Le Conseil d'État a rejeté ce mardi deux recours en référé intentés contre la possibilité donnée aux notaires déjà installés d'être candidats à la création de nouveaux offices, dans le cadre de la loi Macron. Précisions.

Retour de boomerang pour les notaires diplômés non installés. Alors que 8.000 jeunes notaires demandaient la suspension du décret du 9 novembre 2016, qui autorise les Sociétés civiles professionnelles (SCP) de notaires à candidater pour les nouveaux offices notariaux créés par la loi Macron et à être titulaires de plusieurs offices notariaux, le Conseil d'Etat a rejeté, le 17 janvier 2017, leur demande.

 

Statuant en urgence, le juge des référés du Conseil d'État a donc estimé que "rien dans la loi Macron n'interdit aux SCP de candidater et d'être titulaires de plusieurs offices". En revanche, cela "ne préjuge nullement de ce que décidera", le Conseil lorsqu'il se prononcera sur le fond sur ces requêtes, a-t-il précisé. "Cela ne va pas à l'encontre de l'objectif de la loi, qui est de permettre une meilleure adaptation de l'offre de services notariaux aux besoins", a-t-il affirmé.

 

Des arguments insuffisants des requérants

 

Rappelons que les requérants plaidaient que cette disposition allait "entraîner l'éviction des professionnels non encore installés" par ceux déjà à la tête d'offices, portant ainsi "atteinte à la liberté d'entreprendre". Mais le juge des référés pointe que "la réglementation interdit à un demandeur de présenter plus d'une demande par zone et que la nomination dans un office entraîne la caducité de toutes les autres demandes en cours". D'après le magistrat, "cela devrait permettre d'éviter une telle éviction systématique."

 

Au vu des éléments dont il disposait pour se prononcer, le juge des référés du Conseil d'État a finalement estimé les arguments des requérants insuffisants pour justifier une suspension du décret.
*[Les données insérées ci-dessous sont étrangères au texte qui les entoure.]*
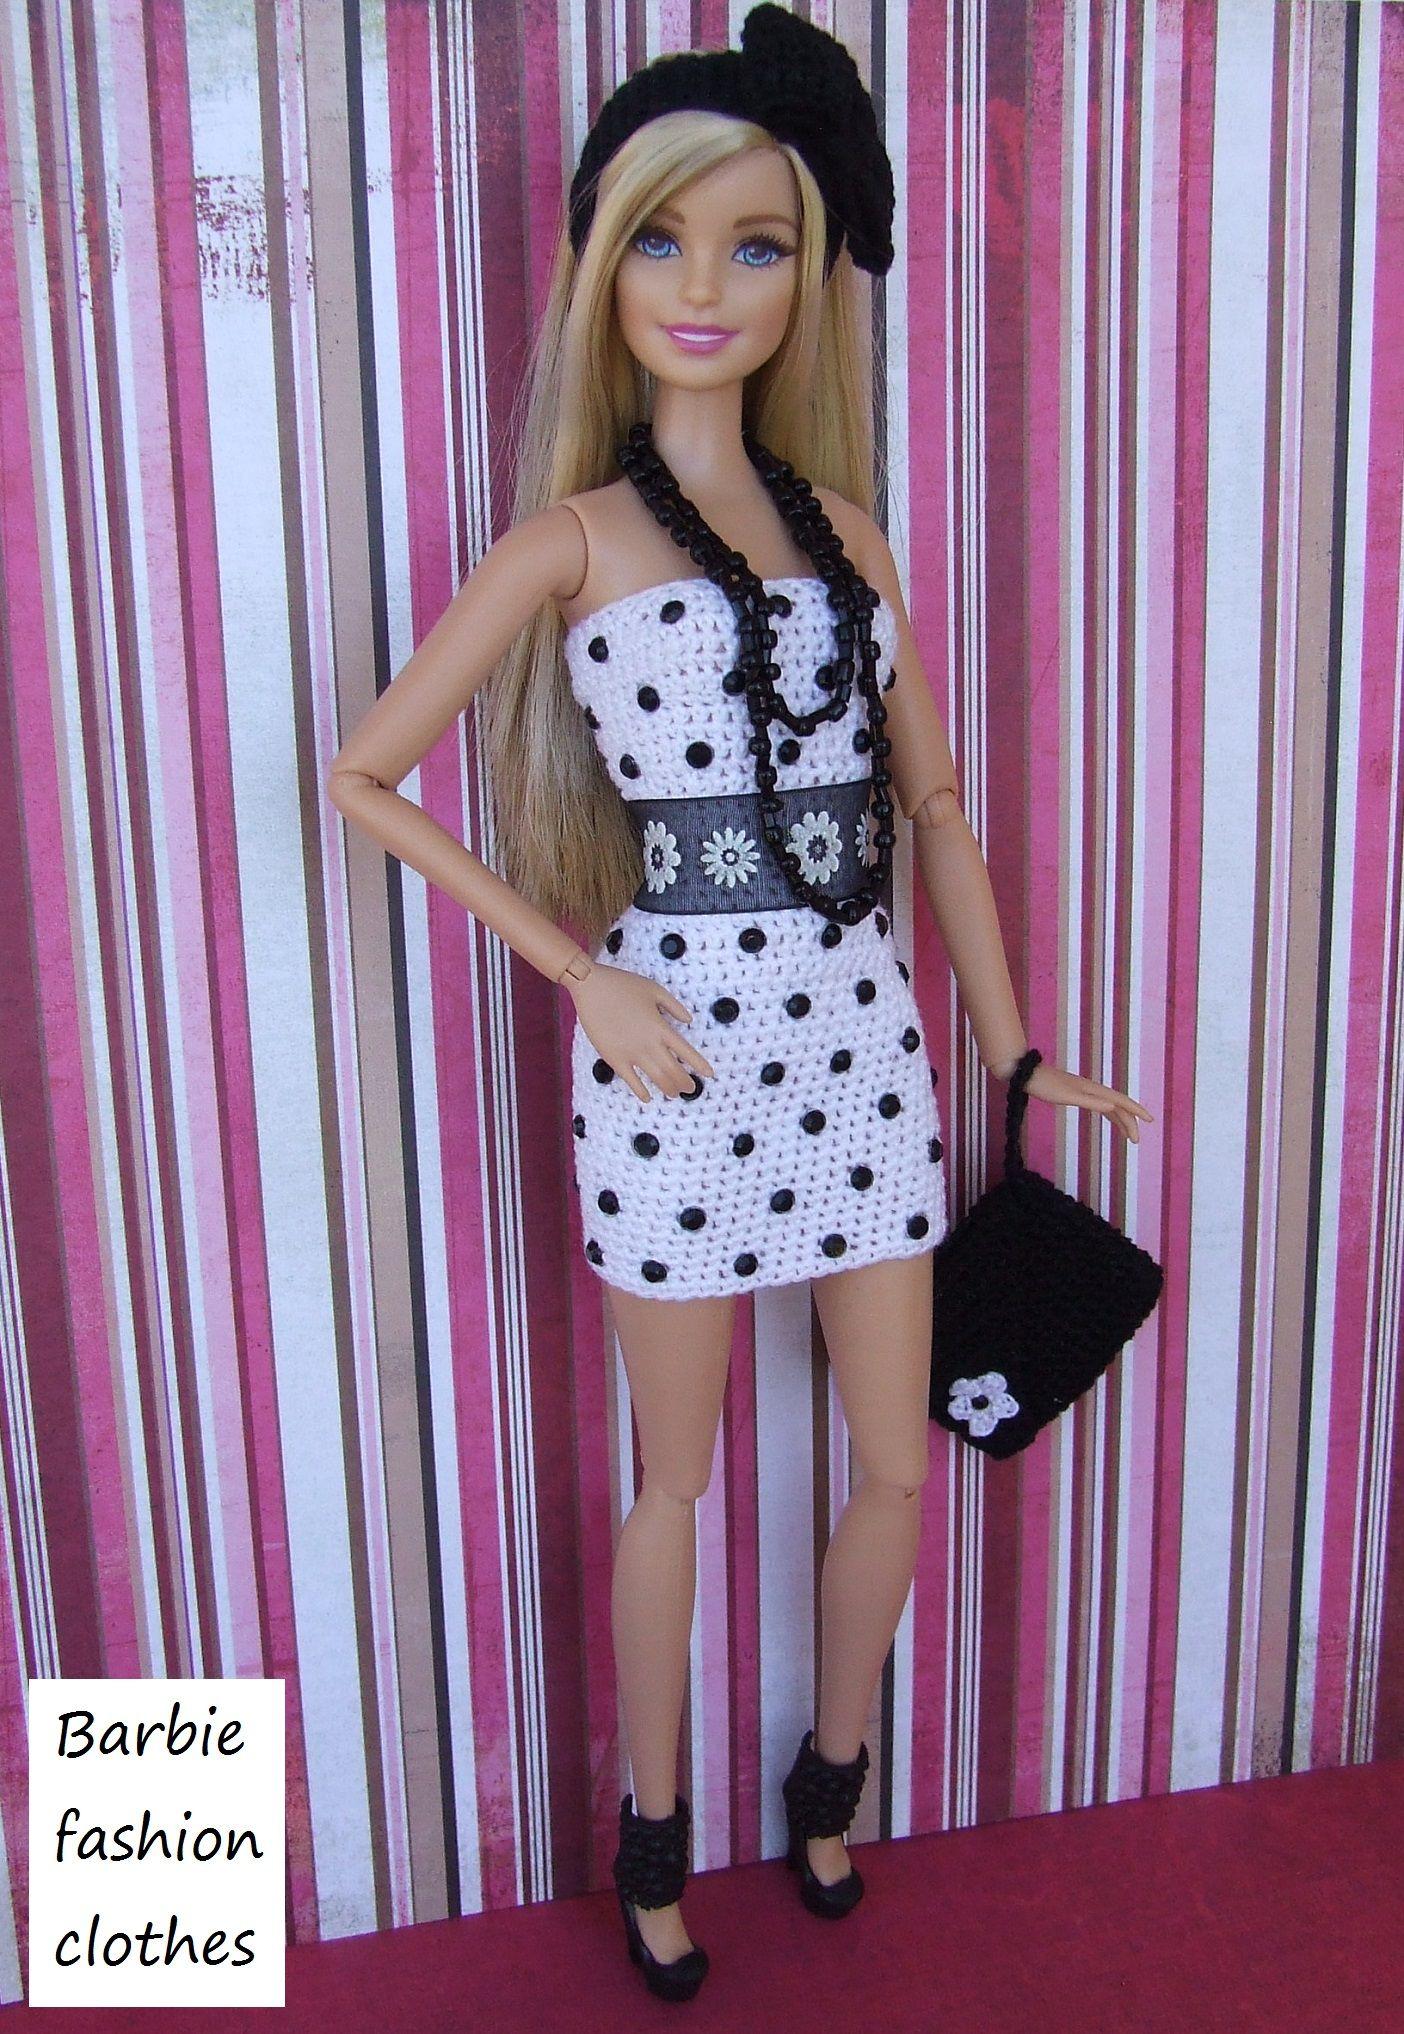 Pin von Anel Lombard auf Barbie fashion clothes | Pinterest | Barbie ...

En conséquence, les SCP de notaires "peuvent donc candidater sur les offices créés en application de la loi Macron et être titulaires de plusieurs offices."

 

Pour rappel : le 14 décembre 2016, le juge des référés au Conseil d'État avait suspendu les tirages au sort organisés par le ministère de la Justice pour départager les candidats à la création de ces nouvelles structures, après avoir constaté une "insuffisance de garanties procédurales".

 

Dans l'attente d'un nouvel arrêté

 

Pour reprendre, la procédure nécessite un nouvel arrêté, attendu dans les prochains jours, avait assuré en fin de semaine, Jean-Jacques Urvoas, ministre de la Justice. L'arrêté indiquera alors "de manière extrêmement détaillée les modalités du tirage au sort", en précisant notamment "les rôles respectifs des personnes présentes à chaque stade de la procédure", a-t-il poursuivi. Il "rappellera aussi que seules certaines personnes spécialement habilitées ont accès aux informations identifiantes des candidats". Un chantier important puisque 247 tirages au sort devront être entrepris par le ministère de la Justice.